#### REQUIRED ACTION
Locate the line bearing "Druga fotografia , to" in the material below, then reproduce it and each following line up to and including the line bearing "Neue Ware eingetroffen!".

#### DATASET EXTRACT
-.-.-
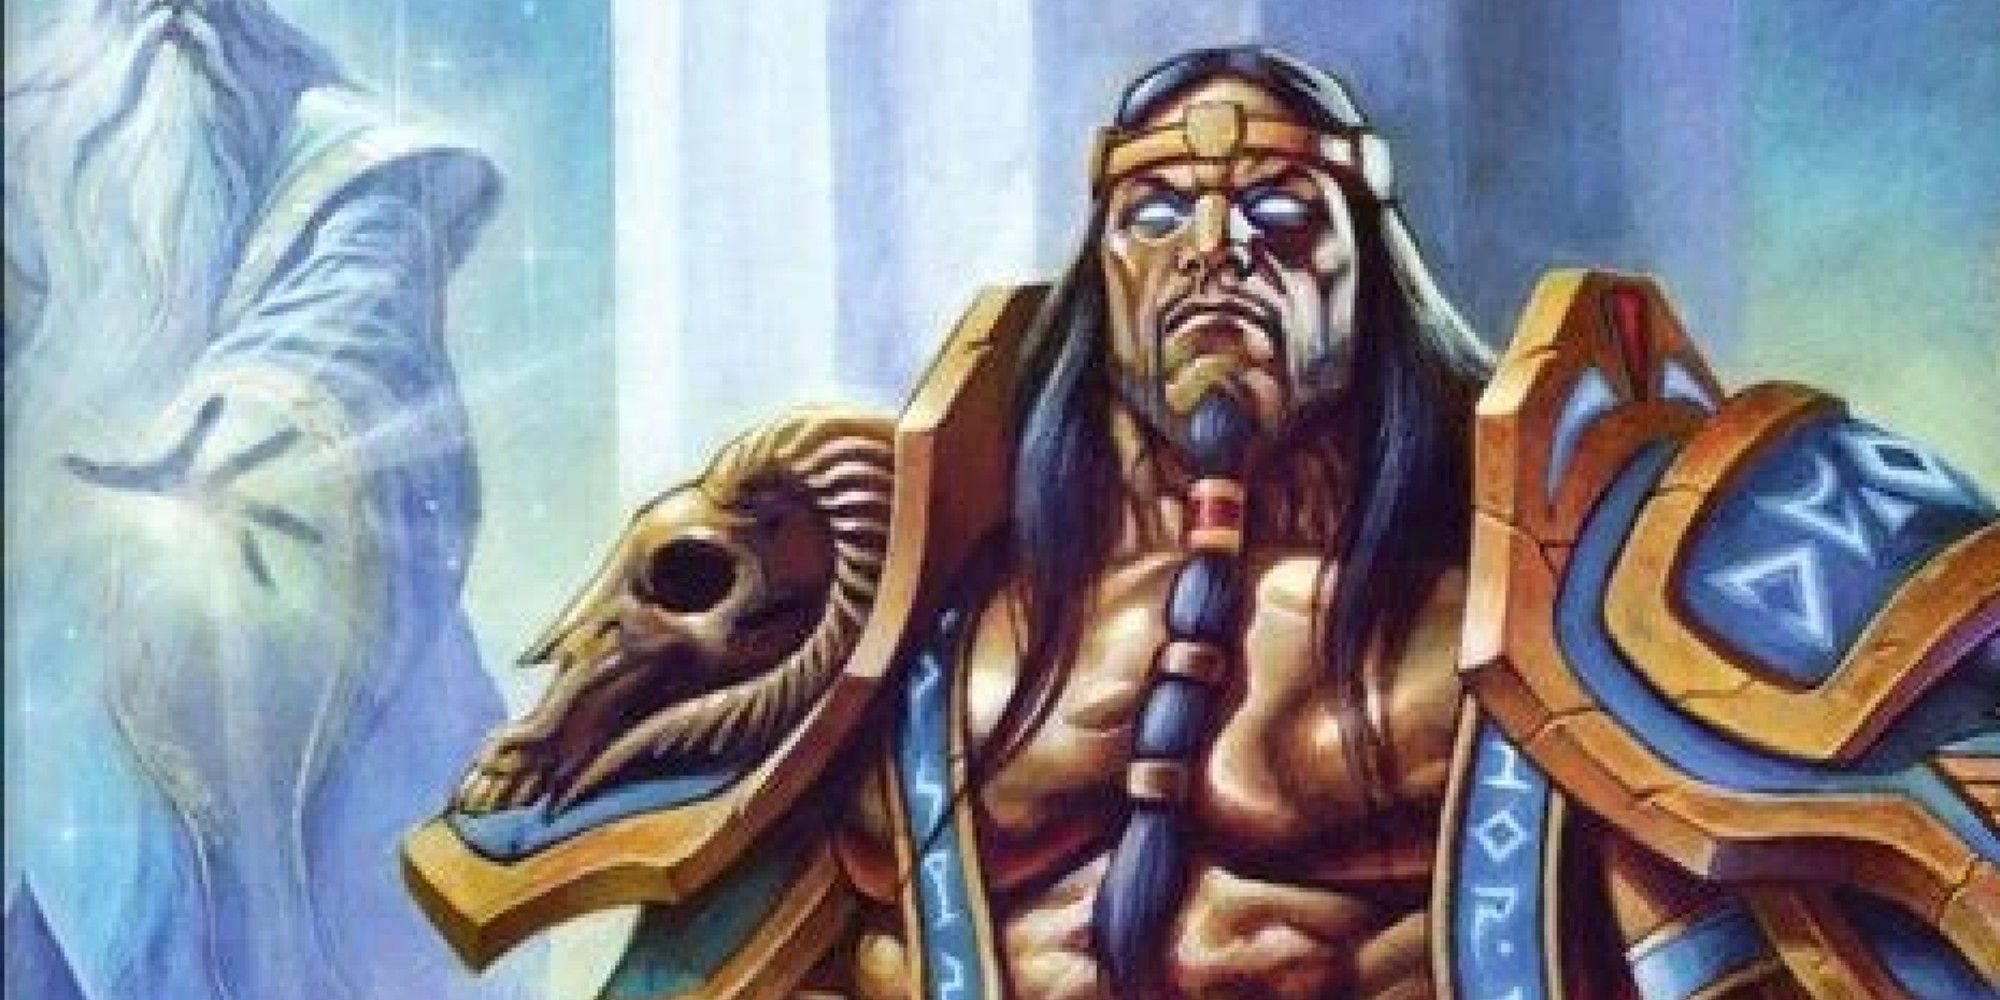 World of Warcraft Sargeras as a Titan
-.-.-
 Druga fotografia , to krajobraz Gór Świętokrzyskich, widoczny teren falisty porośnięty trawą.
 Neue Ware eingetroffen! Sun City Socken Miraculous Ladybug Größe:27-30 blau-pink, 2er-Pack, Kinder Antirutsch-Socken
-.-.-
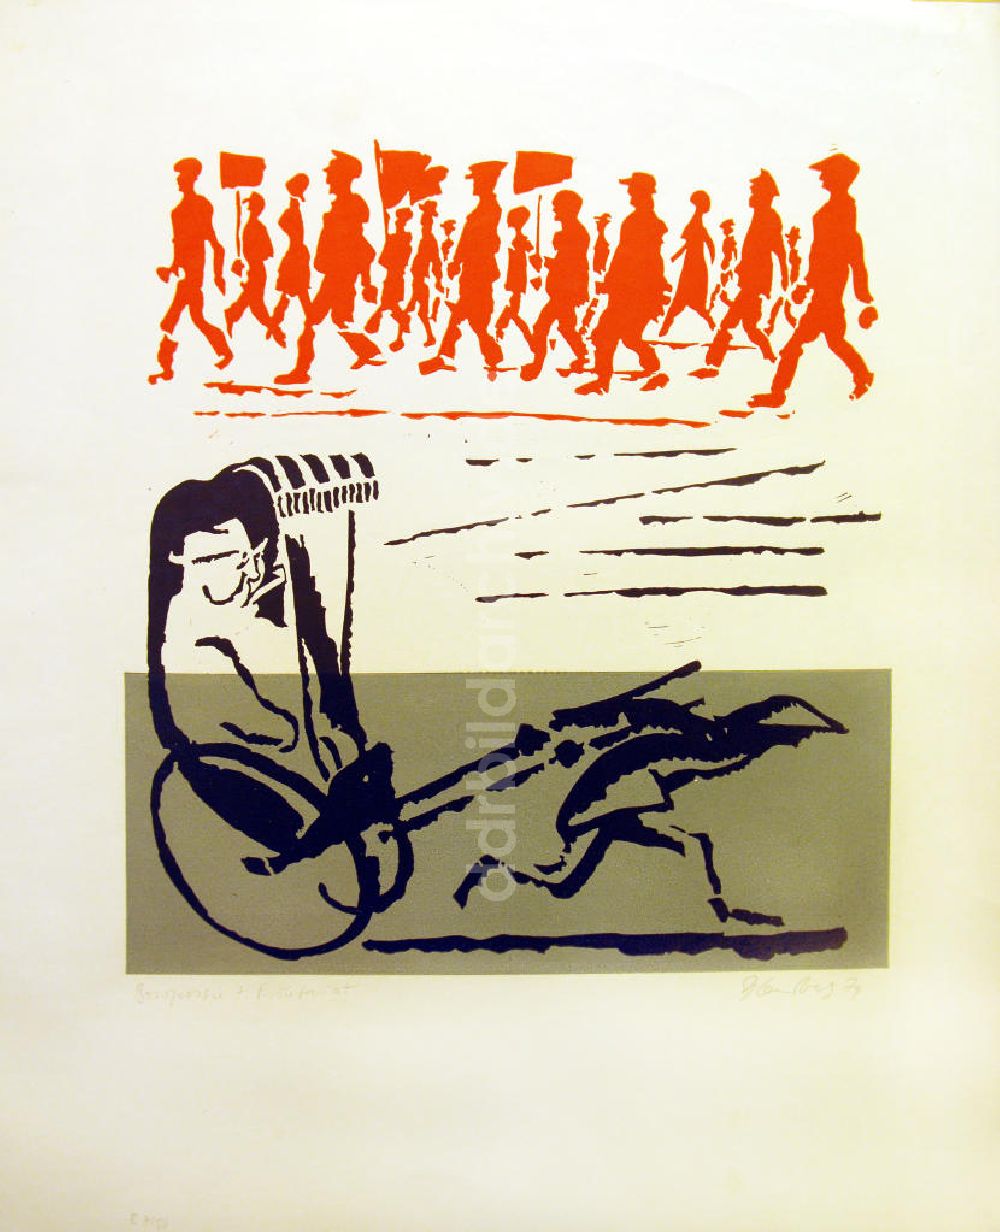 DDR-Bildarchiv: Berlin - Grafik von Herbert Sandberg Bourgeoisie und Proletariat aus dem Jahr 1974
-.-.-
#### SOLUTION
 Druga fotografia , to krajobraz Gór Świętokrzyskich, widoczny teren falisty porośnięty trawą.
 Neue Ware eingetroffen! Sun City Socken Miraculous Ladybug Größe:27-30 blau-pink, 2er-Pack, Kinder Antirutsch-Socken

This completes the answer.